Вот как все славно – встретились старые друзья, даже обнять можно по-дружески, чокнуться и подмигнуть: живем, дескать. Только она увела плечо из-под его руки. И он сделал вид, что так оно и должно быть, что это он нарочно ее проверял и теперь вполне удовлетворен. Словно без этого движения письмо ее было бы слишком жестокой шуткой.
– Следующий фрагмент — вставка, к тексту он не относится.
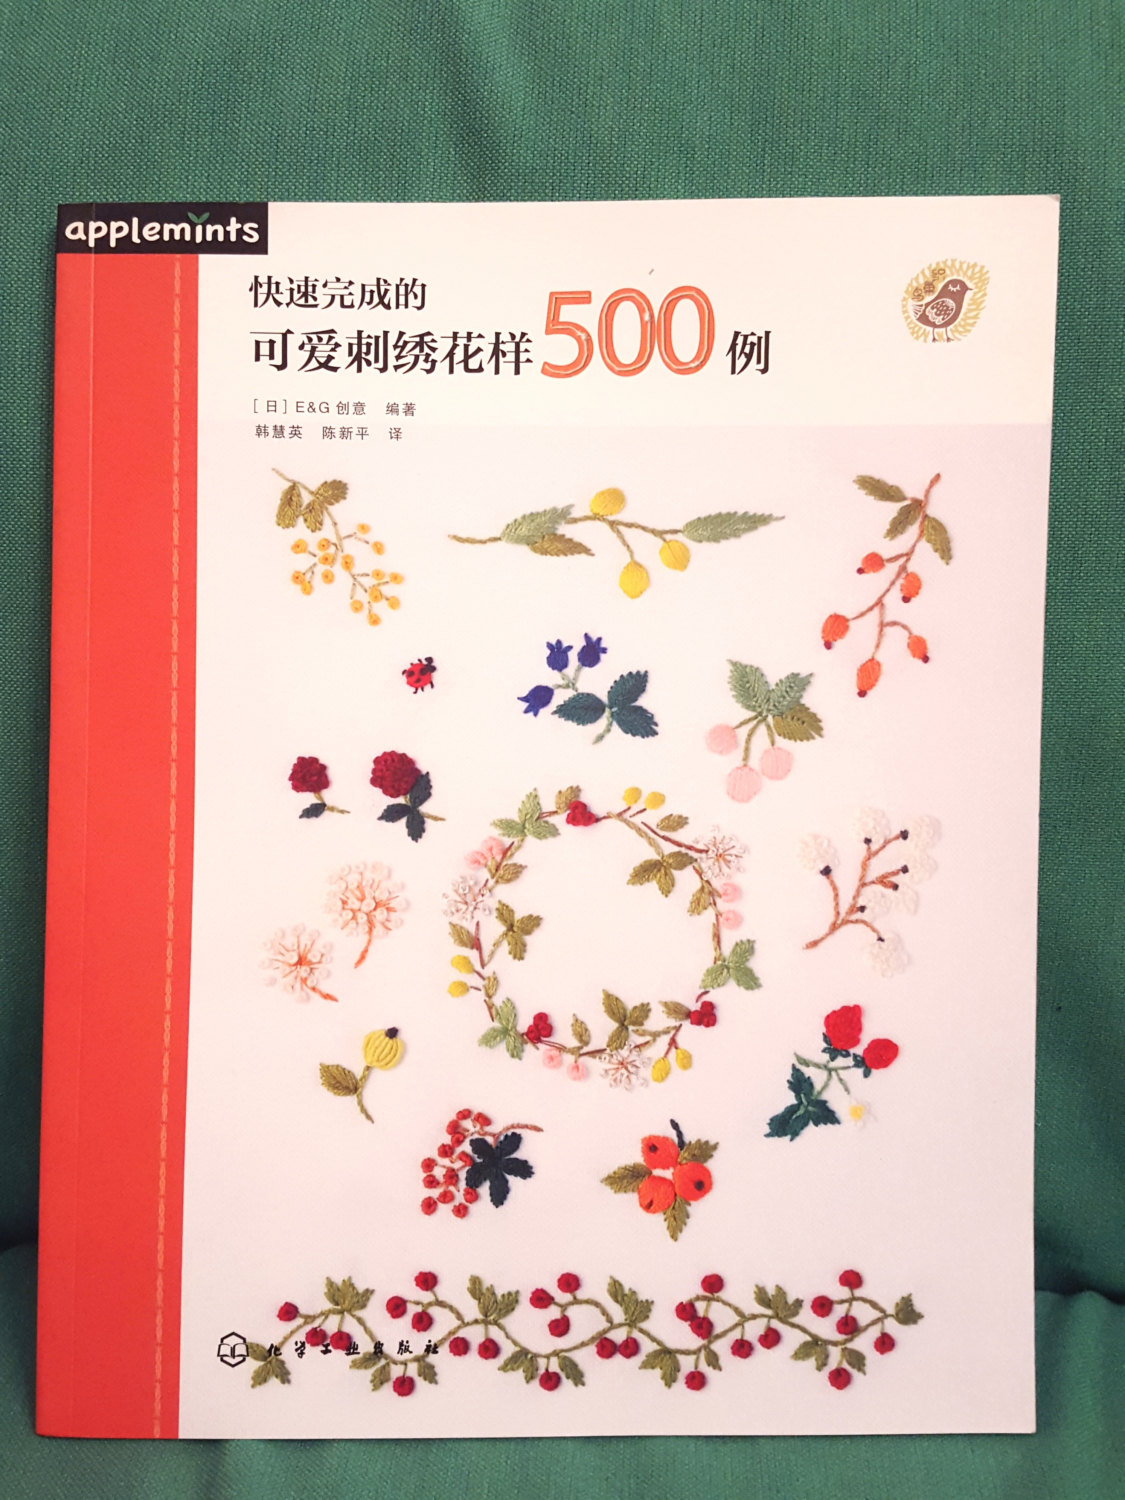 Japanese Embroidery Patterns Embroidery Book 500 Easy And Cute Embroidery Patterns Japanese

Время отсчитывали стрелки маленького будильника, стучавшего на письменном столе с назойливой поспешностью. Говоря, Кашин вдруг натыкался взглядом на циферблат и каждый раз удивлялся произошедшим на нем переменам. Словно круча времени иссякала не по крупицам осыпающейся породы, а обваливалась целыми пластами, каждый раз неузнаваемо изменяя свой облик. Так грянуло девять часов, а потом десять. Шампанское было выпито, но у Иветты нашлась бутылка сухого вина, и время, рассыпаясь в прах, сначала погребло взвинченную веселость, а потом поддельную простоту, а потом вымученную задушевность, и теперь нависало валуном холодноватой ироничности.
Кашин говорил не о себе – он говорил вообще – и Иветта внимательно слушала, обратив к нему наклоненное лицо, словно под таким наклоном ей было легче понять, что к чему.
– Любовь – это самоцель, – говорил он. – Процесс, а не результат. У нее не может быть итога. Наивно полагать, что это некое бесконечное восхождение по ступеням духа. Когда она кончается, под ногами не вершина, а бездна, любовь возвышает, только пока она есть. Это скорее перерубленный бикфордов шнур, только неизбежный бег огня, а потом сгоревший пепельный канатик, рассыпающийся от дуновения. Бред все то, что принимают за ее итог: семья, дети... Это уже не любовь – любовь умирает в итоге. Она жива, только преодолевая его.
Кашин не замечал, что ополчается против будущего, которое сам же выстраивал в себе. Теперь он предлагал взамен руку для бесконечного пути, даже не пути, а просто для бесцельной целеустремленности.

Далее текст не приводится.